На диване отец обхватил меня рукой за плечи — вот она, эта близость, — и молвил по-русски:
— Ну, расскажи.
Мы дышали одним воздухом, как будто соединились физически. Я впитывал его старость, словно он был впередсмотрящим моей смертности, хотя кожа его оставалась на удивление гладкой и пахла не только запоздалым разложением — еще она пахла витальностью. Говорил я по-английски, с дразнящими намеками на русский, который бессистемно учил в университете, и иностранные вкрапления были как изюм в булке. Про себя я отмечал трудные слова, чтобы дома свериться с нецифровым Оксфордским русско-английским словарем. Я говорил о работе, об активах, о 239 000 долларах в юанях, которые задолжал Говарду Шу («Сволочь китайчонок», — по-русски высказался отец), о последней, довольно пристойной оценке моей 740-футовой квартиры в Нижнем Ист-Сайде, о деньгах, что держали нас в страхе и согласии. Я предъявил отцу фотокопию себя, ничего не сказав о том, что несчастен, унижен и нередко тоже одинок.
Он пощупал мой новый эппэрэт.
— Сколько? — спросил он, повертев его в руке, и на волосатые пальцы выплеснулись разноцветные данные. Я ответил, что эппэрэт мне достался задаром, отец весело хмыкнул и на чистом английском произнес: — Учить новую технологию бесплатно хорошо.

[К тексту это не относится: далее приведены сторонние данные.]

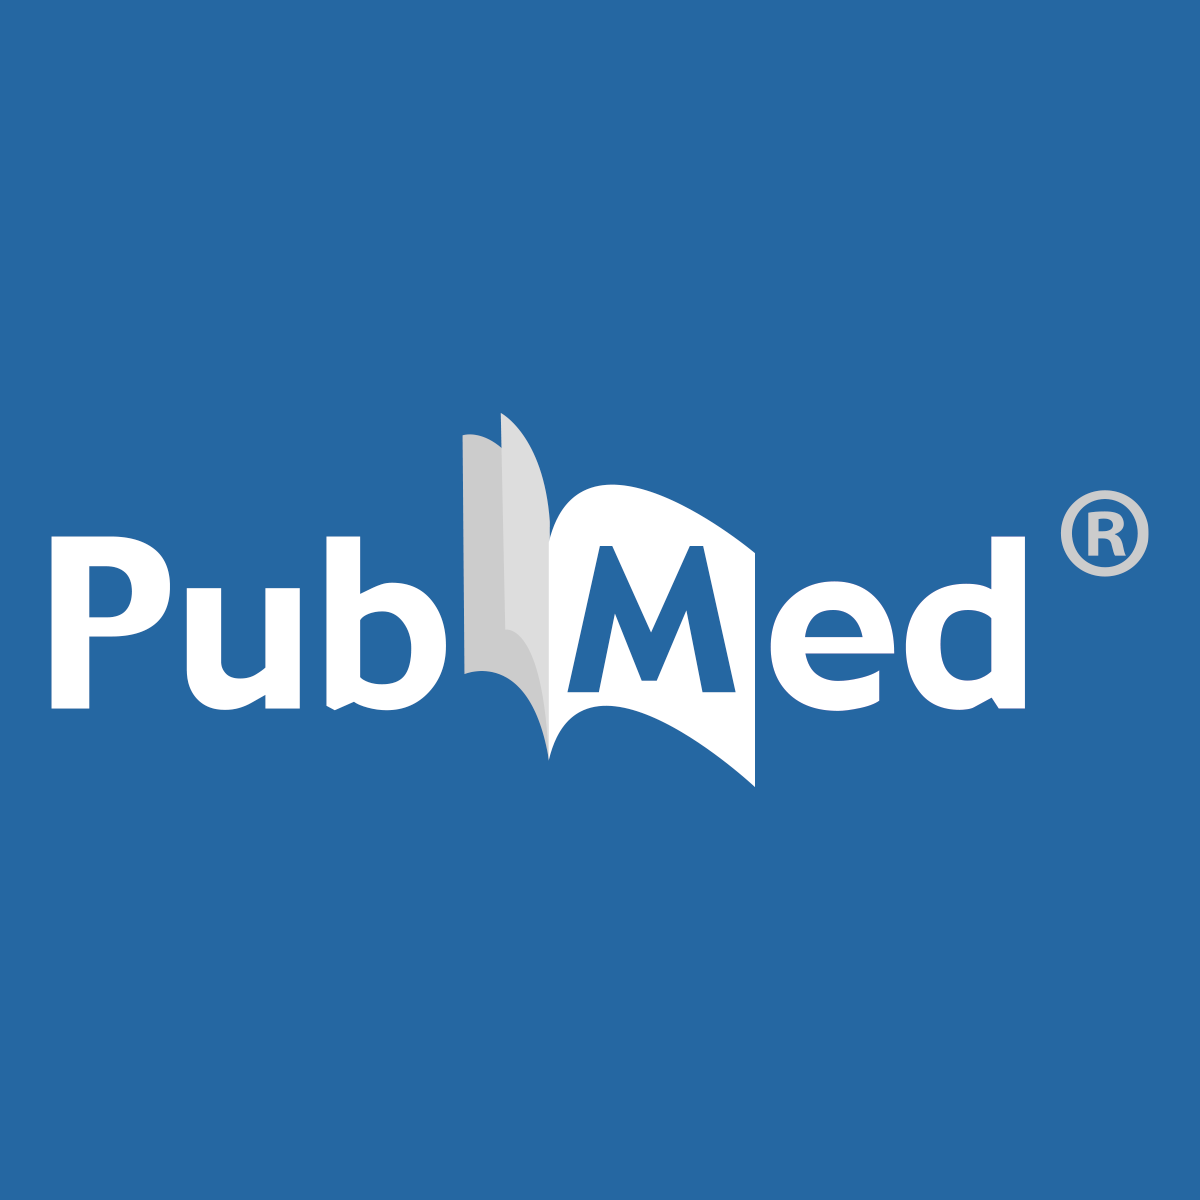 Prognostic value of cross-lineage expression of the myeloid-associated antigens CD13 and CD33 in adult B-lymphoblastic leukemia: A large real-world study of 1005 patients - PubMed

— Как твой Кредит? — спросил я.
— А, — отмахнулся он. — Какая разница? Я к этим Столбам и близко не подхожу.
Пол у меня под ногами был чист — по-иммигрантски чист, сразу видно: кто-то постарался. Над маминой фанатически навощенной каминной полкой отец повесил два старомодных телевизора. Один, настроенный на канал «ФоксЛиберти-Прайм», показывал растущий палаточный городок в Центральном парке, уже тянувшийся от задов музея «Метрополитен» по холмам и долинам до самого Овечьего луга. («Обезьяны», — так мой отец охарактеризовал выселенных и бездомных протестующих.) На другом экране «ФоксЛиберти-Ультра» злобно транслировал прибытие китайского центрального банкира на авиабазу Эндрюс: наша страна простерлась ниц, а президент и его красавица жена старались не дрожать под унылым мэрилендским ливнем, что молотил по растрескавшемуся от жары асфальту.
Я спросил отца, как он себя чувствует, — он указал туда, где жила его изжога, и вздохнул. Потом заговорил о новостях «по „Фоксу“». Иногда мне чудилось, что по крайней мере в сердце своем он уже перестал существовать и считает себя пустым местом, которое дрейфует по нелепому миру. По-русски строя сложные фразы, в которых отказывал ему английский язык, отец хвалил министра обороны Рубенштейна, говорил о том, сколько Рубенштейн и Двухпартийная партия сделали для нашей страны, и о том, как, с благословения Рубенштейна, Госбезопасный Израиль использует теперь ядерную угрозу против арабов и персов, «а особенно против Дамаска, откуда, если ветер подует куда надо, ядовитые облака и осадки, с божьей помощью, полетят в Тегеран и Багдад», а не в Иерусалим и Тель-Авив.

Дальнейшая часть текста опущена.